◆ **Assigned task**: Your reply should be the whole listing, copied exactly, with the pictures left out.

◆ **Source material**:
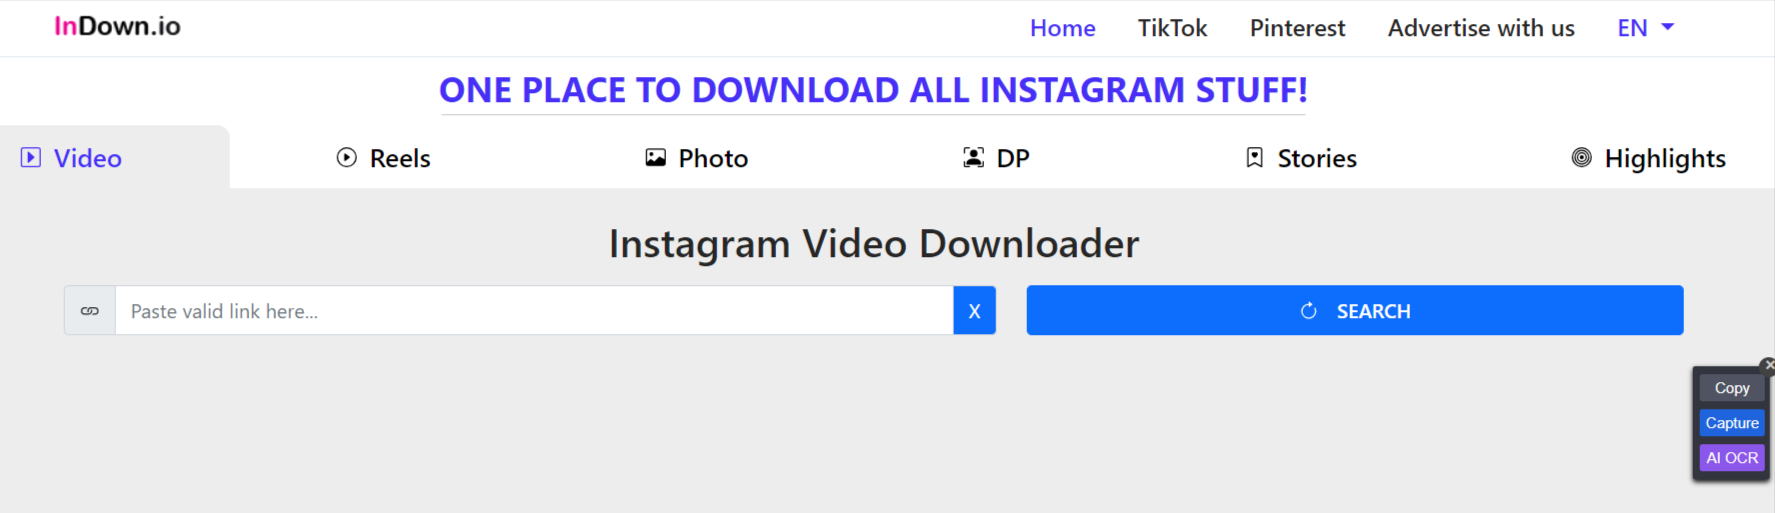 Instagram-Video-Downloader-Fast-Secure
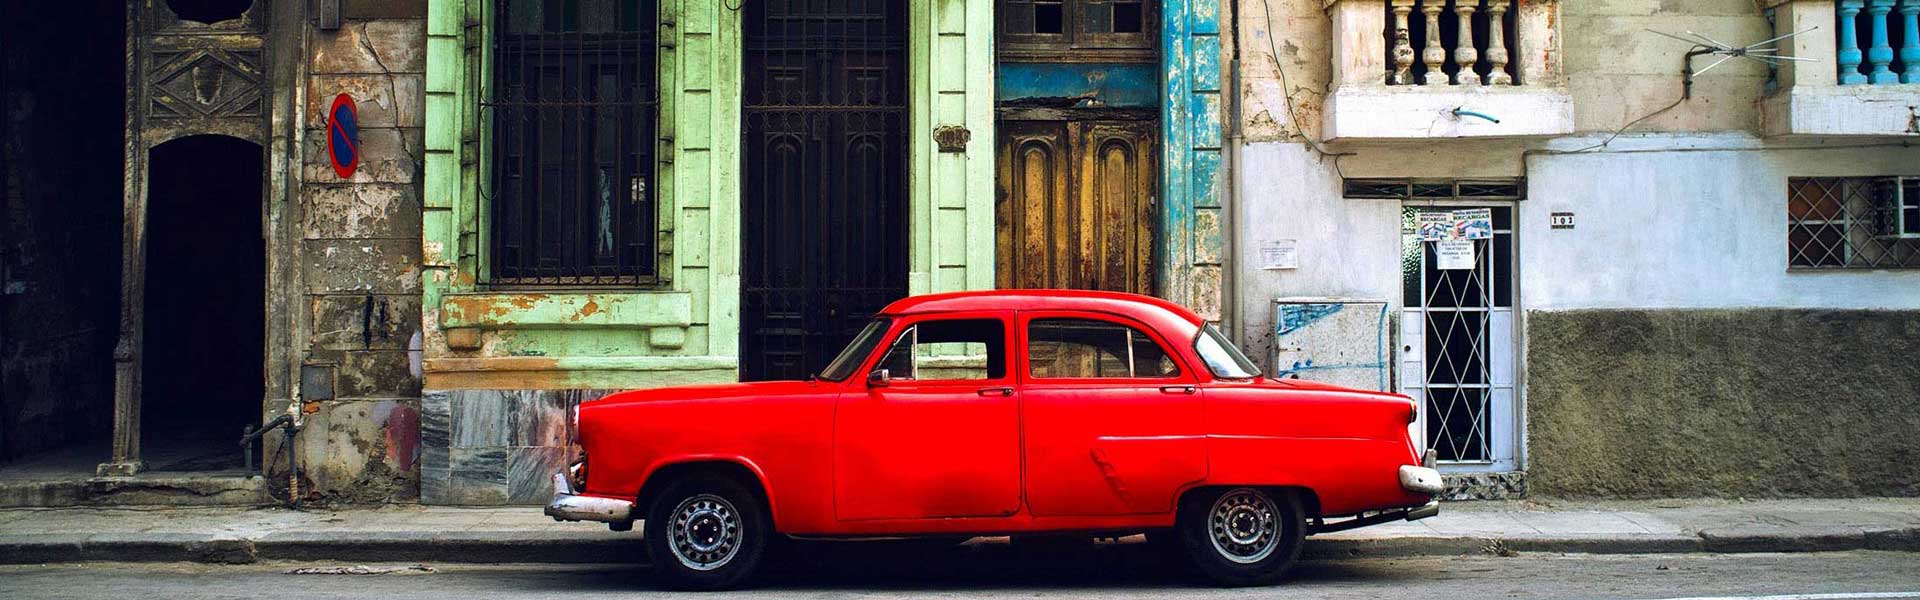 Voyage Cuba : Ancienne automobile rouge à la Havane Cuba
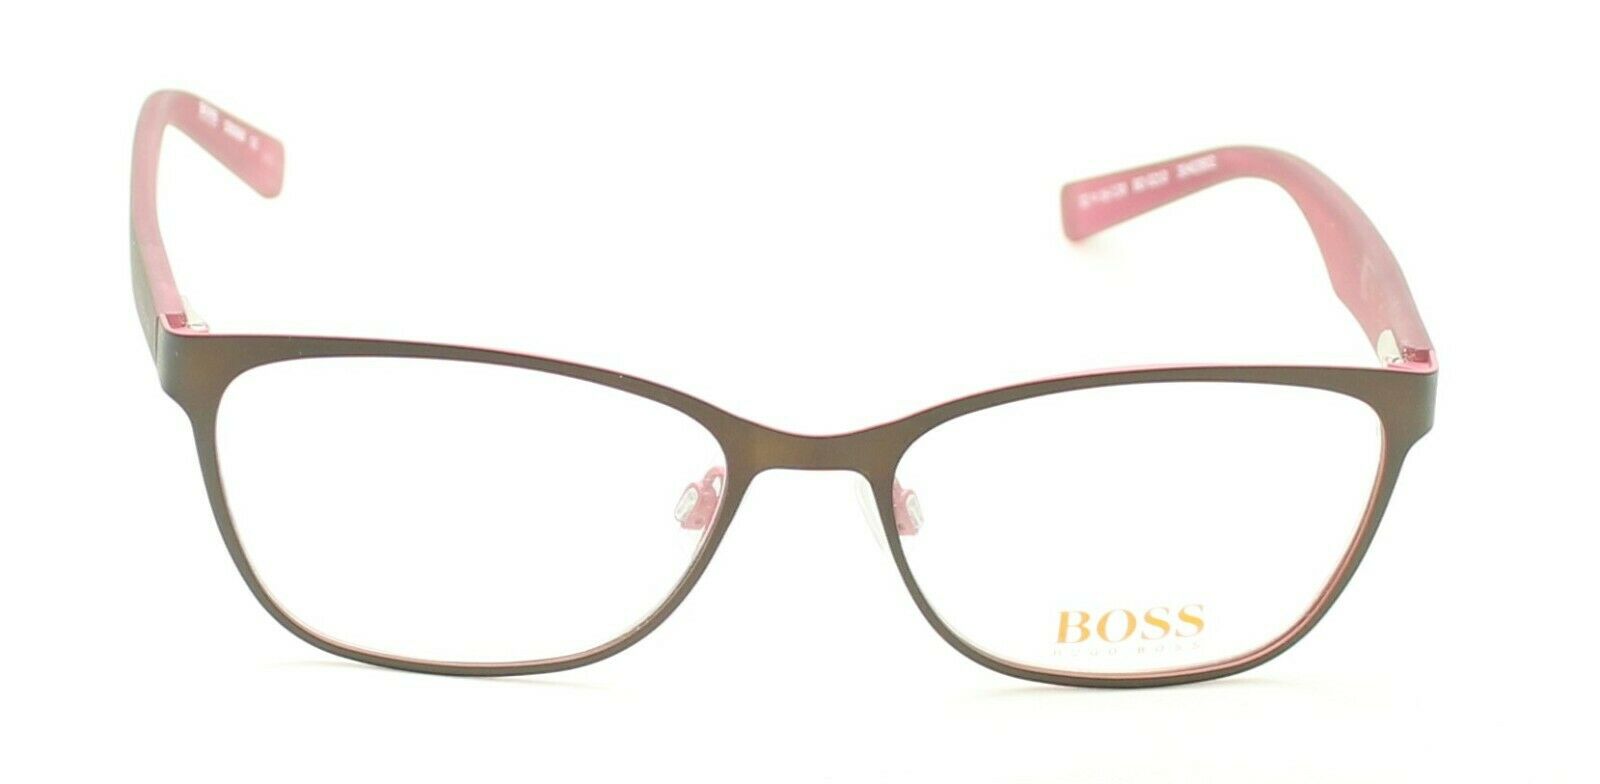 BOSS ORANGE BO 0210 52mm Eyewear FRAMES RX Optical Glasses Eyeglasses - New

◆ **Your response**:
 Instagram-Video-Downloader-Fast-Secure
 Voyage Cuba : Ancienne automobile rouge à la Havane Cuba
 BOSS ORANGE BO 0210 52mm Eyewear FRAMES RX Optical Glasses Eyeglasses - New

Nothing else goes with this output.